Here, we see 3 Large "Dragon" style creatures unable to attack your ranged units with their breath
attack.  They must waste their attack killing either B1 or B2 to get to your ranged, since B1 and
B2 are not directly next to your ranged.

Ok, so that's all well and good... how do you block small creatures that you typically see week 1-
2? This is a typical creeping arrangement for most factions that have a low-level "ranged" stack, a
big stack of blockers, and multiple stacks of individual 1-unit blockers.

B = A 1-unit blocker stack
F = Your big stack of blockers
R = Your Ranged Unit Stack
 --- --- --- ---
|    |    |    |    |
 --- --- --- ---
|B  |    |    |    |
 --- --- --- ---
|B  |B  |    |    |
 --- --- --- ---
|F  |B  |    |    |
 --- --- --- ---
|R  |B  |    |    |
 --- --- --- ---

Here, if any blockers around your ranged are killed, the 1-unit blockers at the top move to fill in
the gap. Your big blocker stack (the "F" in the diagram) consists of the remainder of your blockers
in one stack. They serve as attackers of last resort against anything that gets in close to your
ranged.  Your big blocker stack is also surrounded by blockers so that they themselves can avoid
losses, but it is far more critical that your ranged stack avoids hits than your blocker stack...
prioritize accordingly.

Ok, so those are the basics, but what kind of creatures actually serve as your typical "blockers"?  
Here is a list for each faction and a few notes on each blocker type:

Academy:    Gargoyles - tough, Flying (relevant for Summoning spells), high growth for level 2,
           immunity to Air (relevant against Druids), upgrade has additional magic immunities
Inferno:    Horned Demons - high growth for 2nd level units, can gate in additional blockers
Necropolis: Zombies and Ghosts - Zombies are a low initiative, high growth, somewhat tough hp
           stack. Ghosts are elite blockers that have both Flying and Etherealness, but they
           have low growth as 3rd tier units. Use a mix of Ghost blockers for harder encounters
           and expendable Zombies for easier encounters.
Haven:      Peasents - high growth.  Simple, sacaficial meat sacks.  Don't worry too much about
           losing taxpayers.
Fortress:   Mountain Gaurd - Very tough for level 1s due to Defensive Stance and
           Large Shield. Their toughness comes into play during ranged encounters, but isn't really
           relevant when in 1-unit configuration.
Sylvan:     Blade Dancers: Low Growth, High Initiative.  Blade Dancer are designed to be offensive
           units, not blockers, but it is preferable to lose them over your Pixies.
Dungeon:    Scouts: Low Growth, High Initiatie.  Scouts are designed as offensive units, not blockers,
           but it is preferable to lose them over your Furies.
Stronghold: Goblin - Very high growth and a good special ability.  Trappers can delay enemy turns
           to give your Centaurs more shooting time.  

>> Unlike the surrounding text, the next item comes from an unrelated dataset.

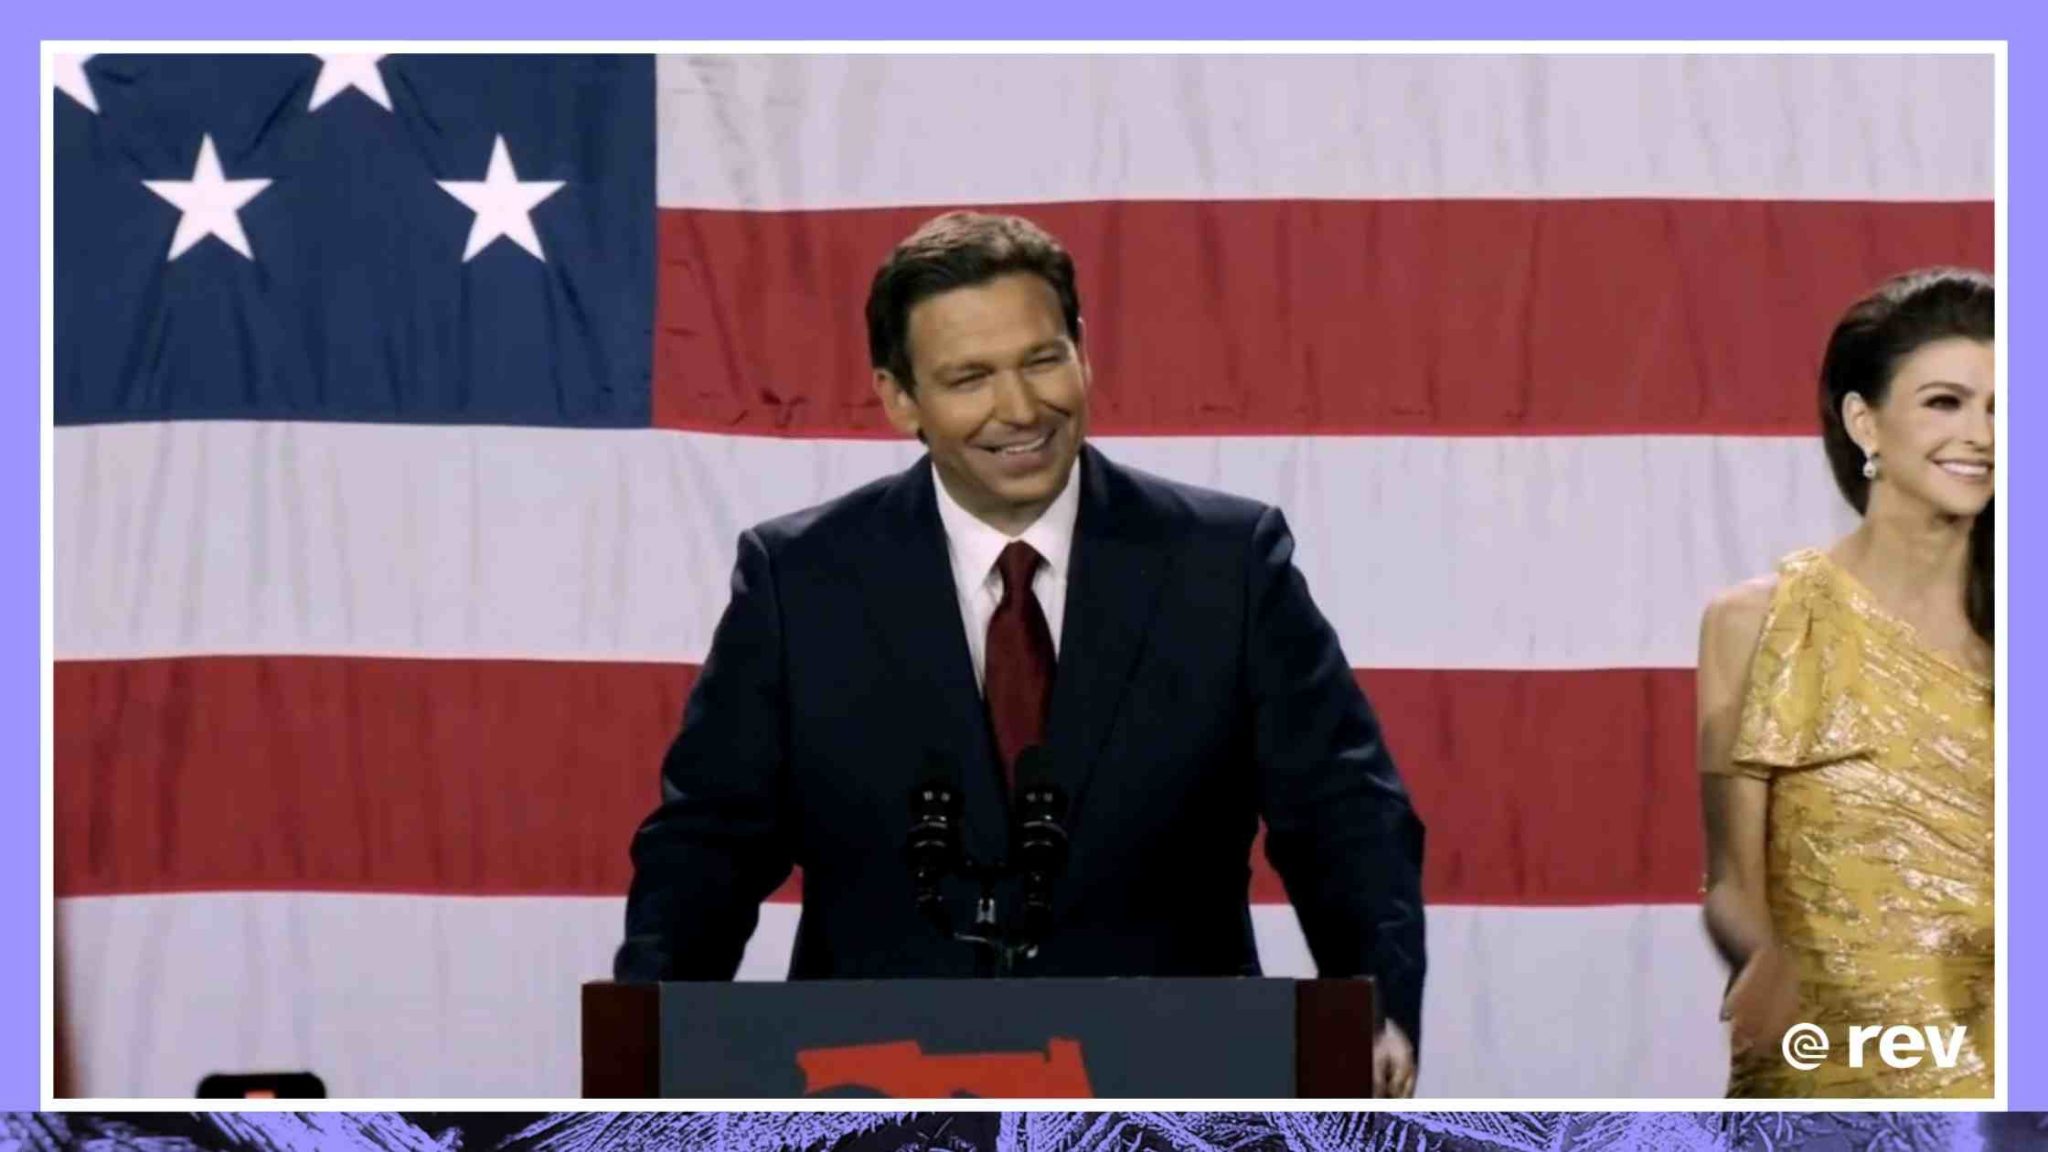 Ron DeSantis gives victory speech after re-election as Florida Governor Transcript

Blocking isn't just for protecting your units.  Ranged units can be "offensively" blocked by
placing creatures next to them.  This means they can't use their ranged attack until the blockers
adjacent to them are eliminated. This comes into play when rushing enemy ranged units with 1-unit
blockers or using Summoning spells like Arcane Crystal and Hive.



Now let us go into some more advanced blocking tactics....

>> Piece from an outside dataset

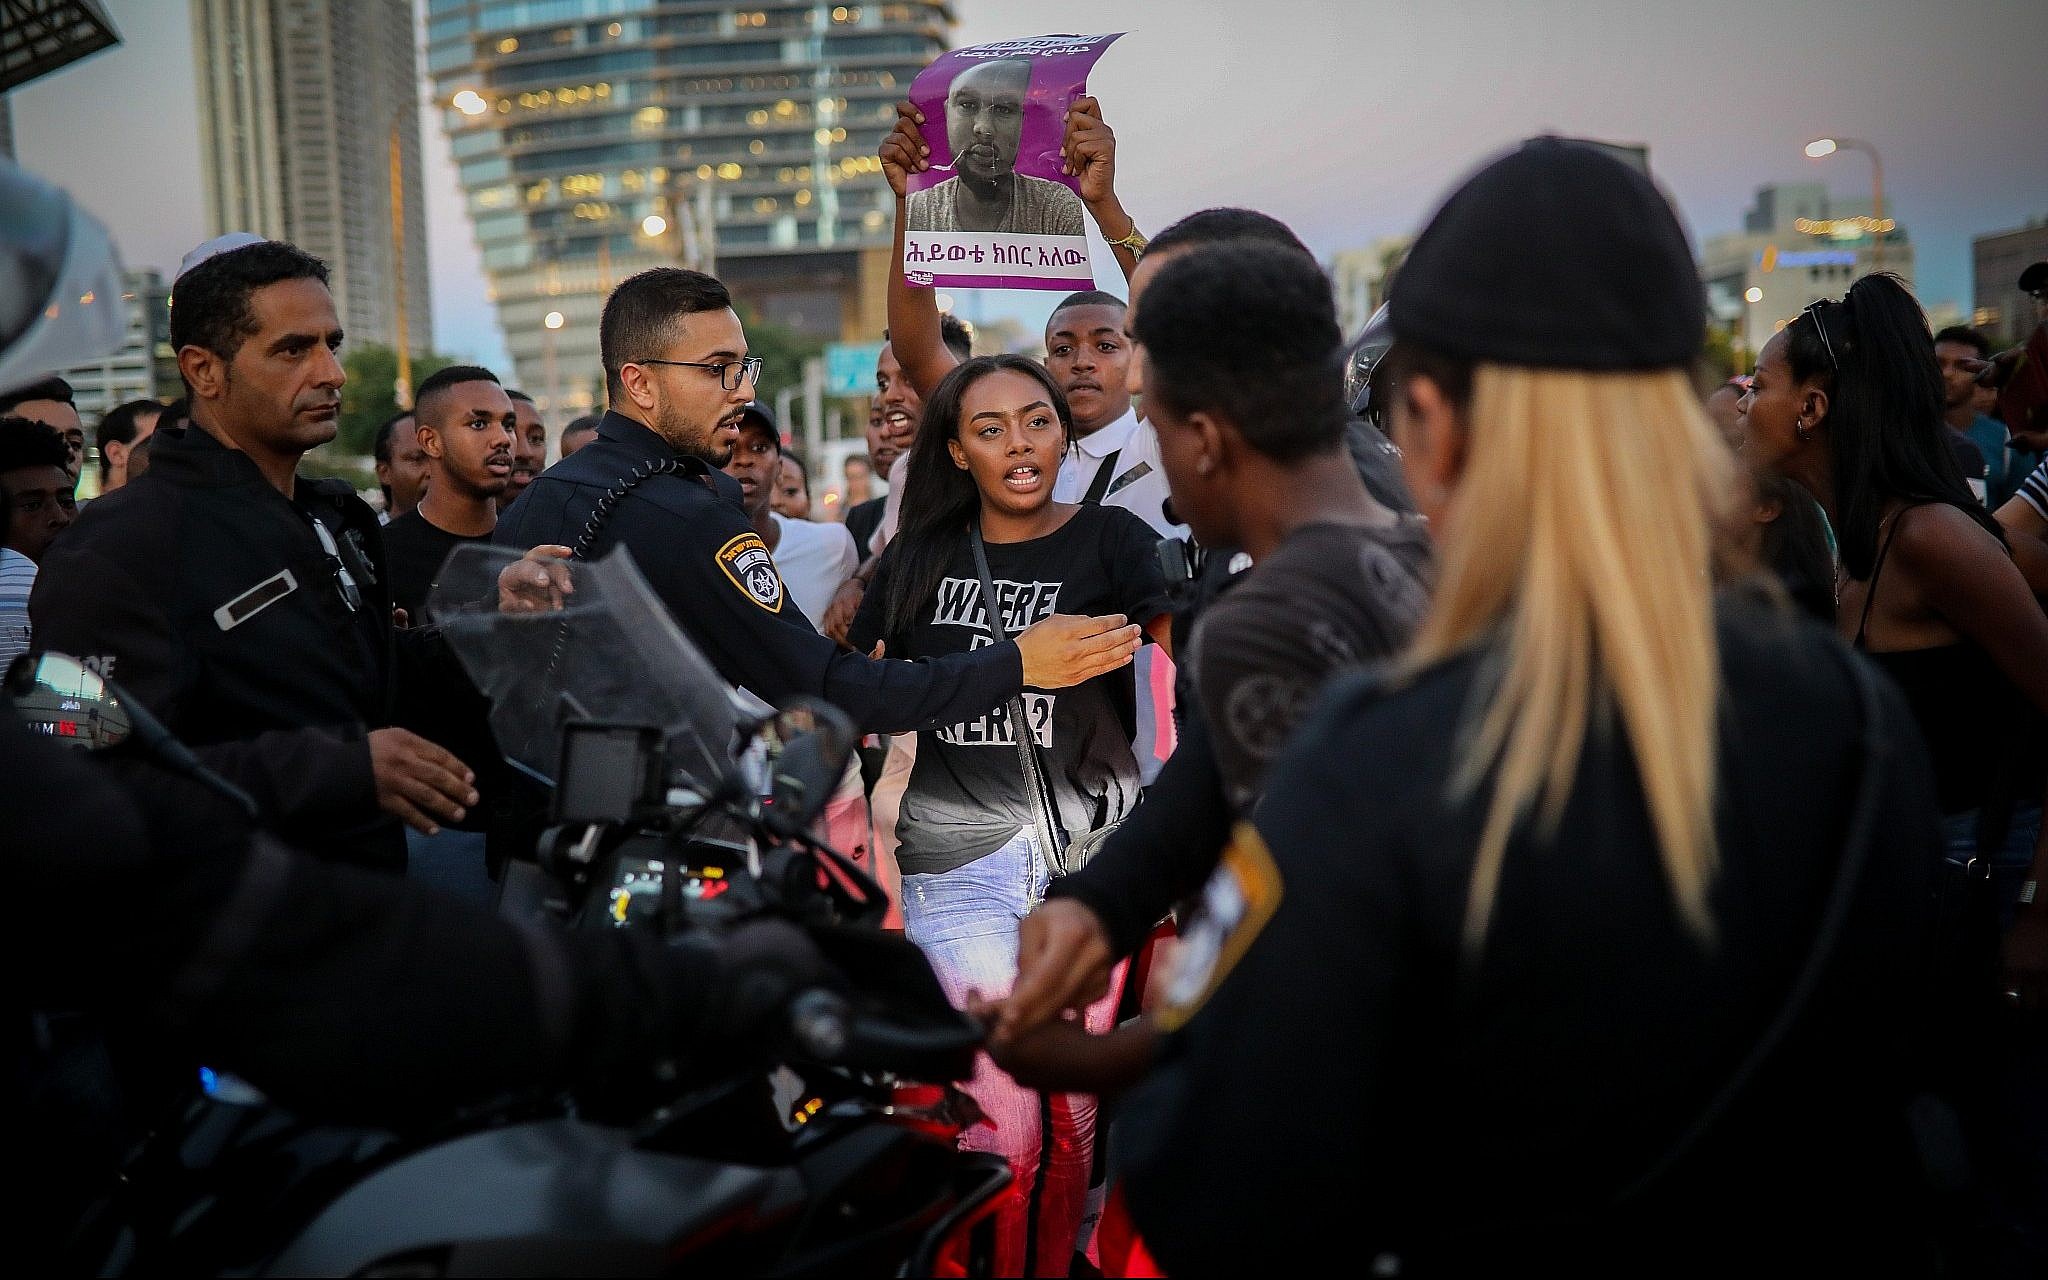 Ethiopian-Israeli Activists Plan to Continue Protesting Netanyahu Government’s Failure to Bring More Ethiopian Jews to Israel

The first advanced concept to understand is that your Army Slots are a limited resource.  You can
not simply fill your army with 20 1-unit blockers, as you only have 7 army slots per hero.  That is
why it is useful to have a second "squire" hero to accompany your main.  The "squire" hero provided
an additional 7 army slots so that you can configure your main hero with the ideal creature
configuration to avoid losses.

Here is an example of how you can use a squire hero to avoid losses.  Suppose you don't want to
risk your big blocker stack in combat.  Suppose you want to use all 6 slots for 1-unit blocking
stacks and 1 slot for a ranged attacker.  Well, you can offload your big blocker stack onto your
squire hero, and then replace that stack with a 1-unit blocker stack on your main.  Now you have a
configuration of 6 1-unit blockers and a ranged attacker, minimizing your losses.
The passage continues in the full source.